When, after the First World War , the Kaiser-Wilhelm University of Strasbourg was again the French Academy, the acting mayor of Cologne saw Konrad Adenauer chance for Cologne still the Rheinische University to establish what then in 1919 with the merger of the Cologne university facilities to university Cologne again succeeded as a municipal institution. This used the building until 1934. After that, the Gauleitung of the Gau Köln-Aachen of the National Socialist German Workers' Party moved in . After the war, Lufthansa had its German headquarters here until 1969. The building has been used by the Cologne University of Applied Sciences since 1971 . The building has been a listed building since 1985 .

Well-known professors

  • Christian Eckert (1874–1952), successor to the founding director and later first rector of the university
  • The most famous lecturer at the university was Eugen Schmalenbach (1873–1955), who immediately after completing his studies at the Leipzig Graduate School and subsequent postgraduate studies in economics at the university there, worked as a private lecturer in Cologne from 1902 and as a professor from 1906. He is considered the father of business administration
  • Julius Hirsch (1882–1961) completed his habilitation here in 1911 and became the first professor of private business studies / Bwl of Jewish faith in Germany
  • Otto Wilhelm Thomé (1840–1925), rector of the commercial college and botanist
  • Alfred Ludwig Wieruszowski (1857–1945), lawyer at the Cologne Higher Regional Court and professor at the University of Cologne , since 1909 lecturer at the commercial college
  • Leopold von Wiese (1876–1969), 1915 professor of economics and 1919 first professor of sociology in Germany at the university

Well-known graduates

  • Robert Debes (1878–1962), Rector of the University of St. Gallen
  • Fritz Terhalle (1889–1962), economist, professor in Hamburg and Munich
  • Oskar Sillén (1883–1965), professor of business administration at the Stockholm School of Economics and founder of the field of auditing there
  • Wilhelm Sollmann (1881–1951), journalist and SPD politician, professor in the USA
  • Friedrich Flick (1883–1972), economist, entrepreneur, Minister of Defense Economics and convicted war criminal

Footnotes

  1. ^ Matthias Weber : The Old University of Cologne. (= Rheinische Kunststätten , issue 269.) Cologne 1982, p. 7.
  2. ^ Friedrich Carl Heimann : The commercial college in Cologne on the Rhine. In: Zentralblatt der Bauverwaltung , Volume 28, 1908, No. 55 (from July 11, 1908) ( online ), pp. 370–374.
  3. ^ Directory of members October 1906. German Colonial Society, Cologne Department, pp. 4–9 , accessed on January 22, 2014 (German).
  4. ^ Faculty of Economics and Social Sciences in Faculty Weeks, 600 Years of Cologne University , p. 4
  5. ^ Matthias Weber : The Old University of Cologne , Rheinische Kunststätten series , issue 269, Cologne 1982, p. 9f
  6. ^ Description of construction and history in the picture book Cologne

literature

  • Hermann Kellenbenz : The Cologne Commercial College.
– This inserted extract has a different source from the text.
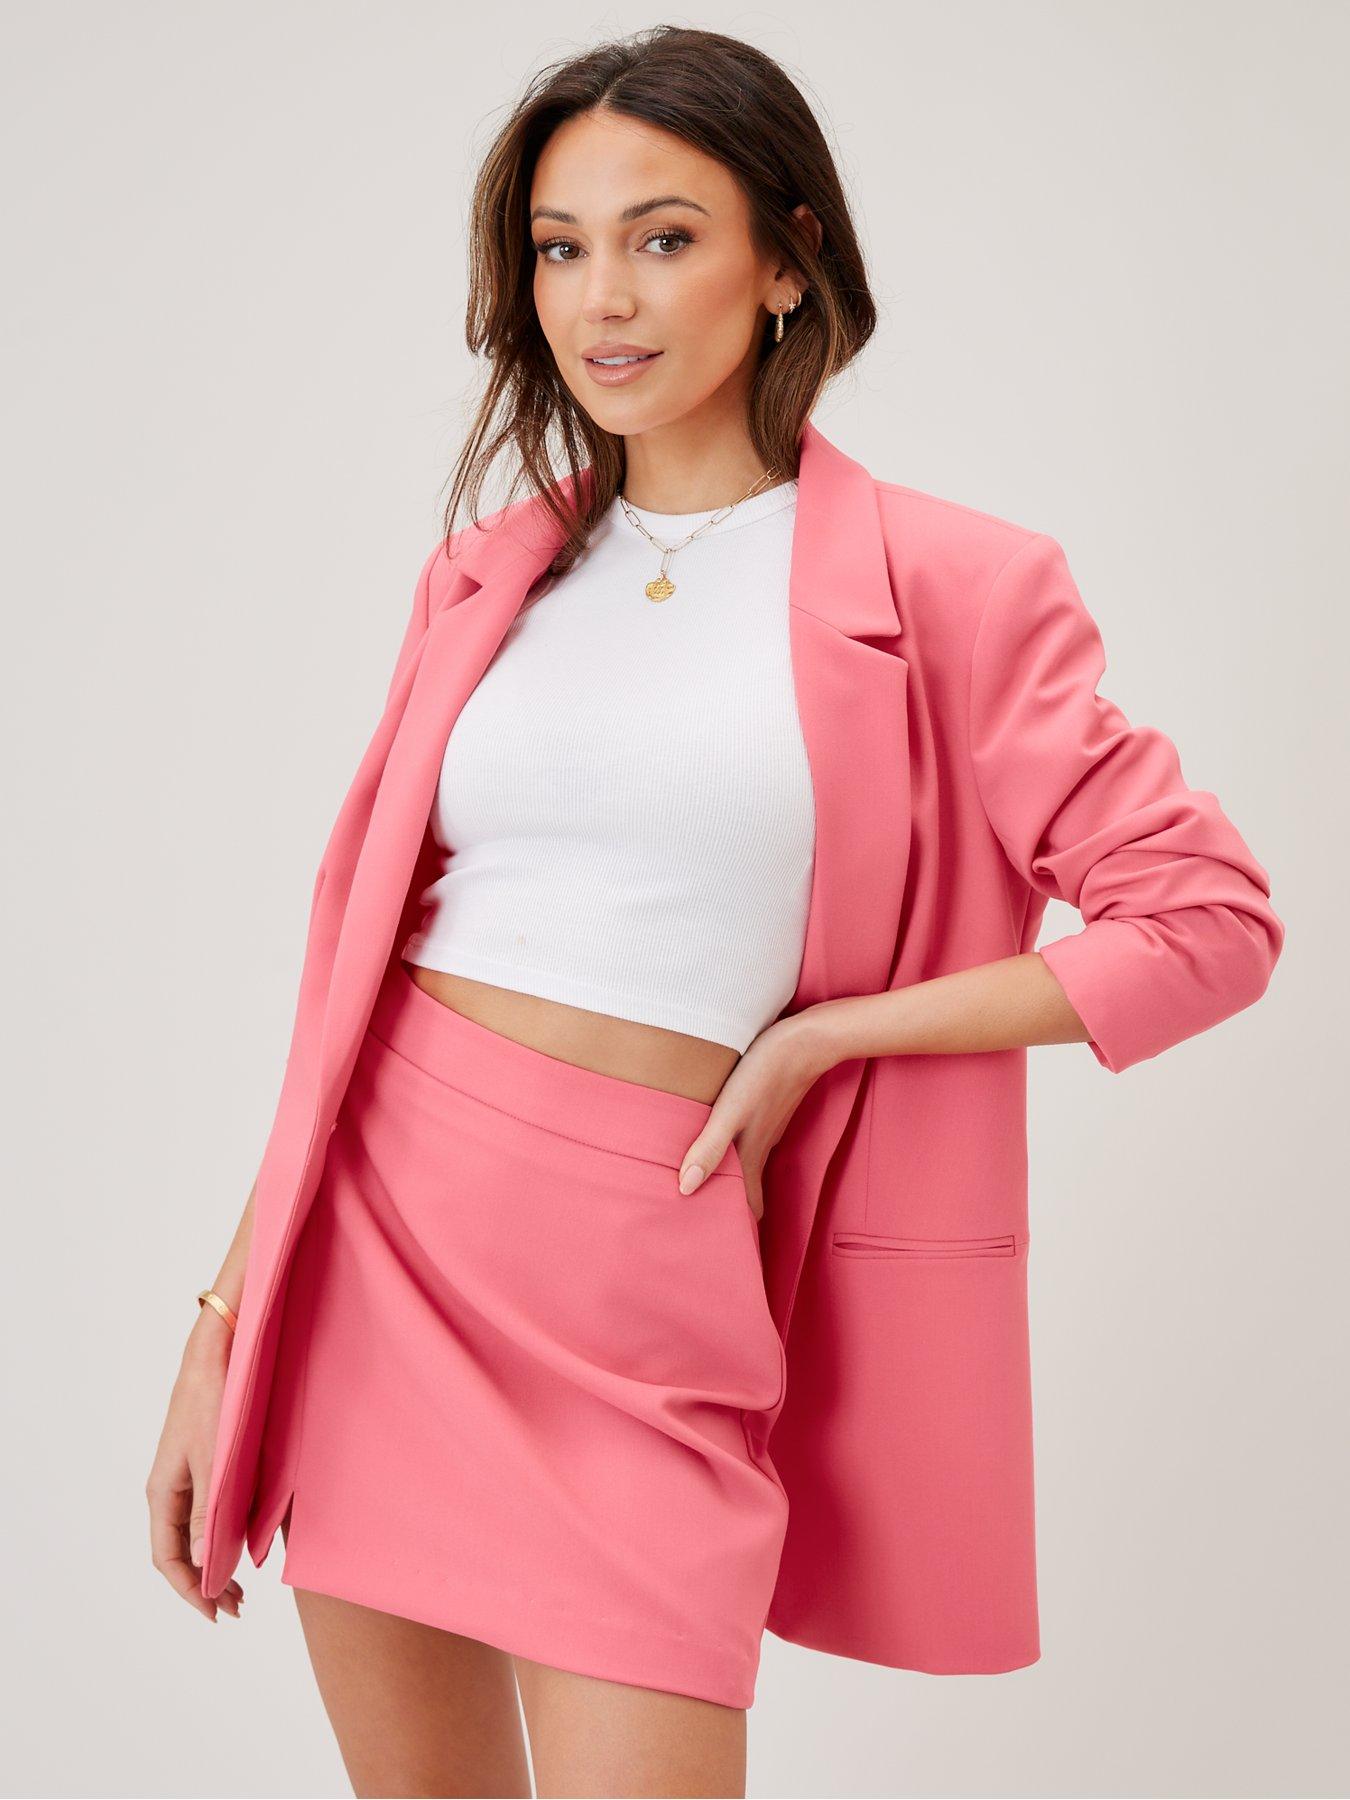 sport coats and suit jackets Womens Clothing Jackets Blazers Pinko Cotton Suit Jacket in Fuchsia Pink

In: The University of Cologne 1919–1969. Basel 1969.
  • Heike Franz: Between the market and the profession. Business economist in Germany in the field of tension between the educated and economic middle class (1900–1945). Vandenhoeck & Ruprecht, Göttingen 1998. (at the same time dissertation, Bielefeld 1996/1997) - especially section 3 Establishment and development of commercial colleges , p. 43 ff. ( Preview on Google books )
  • Sabine Eichler: Südstadtgeschichte (s). Claudiusstrasse 1 - "just" a building at the Römerpark? In: Yearbook of the Cologne History Association 80 (2010), pp. 123–148.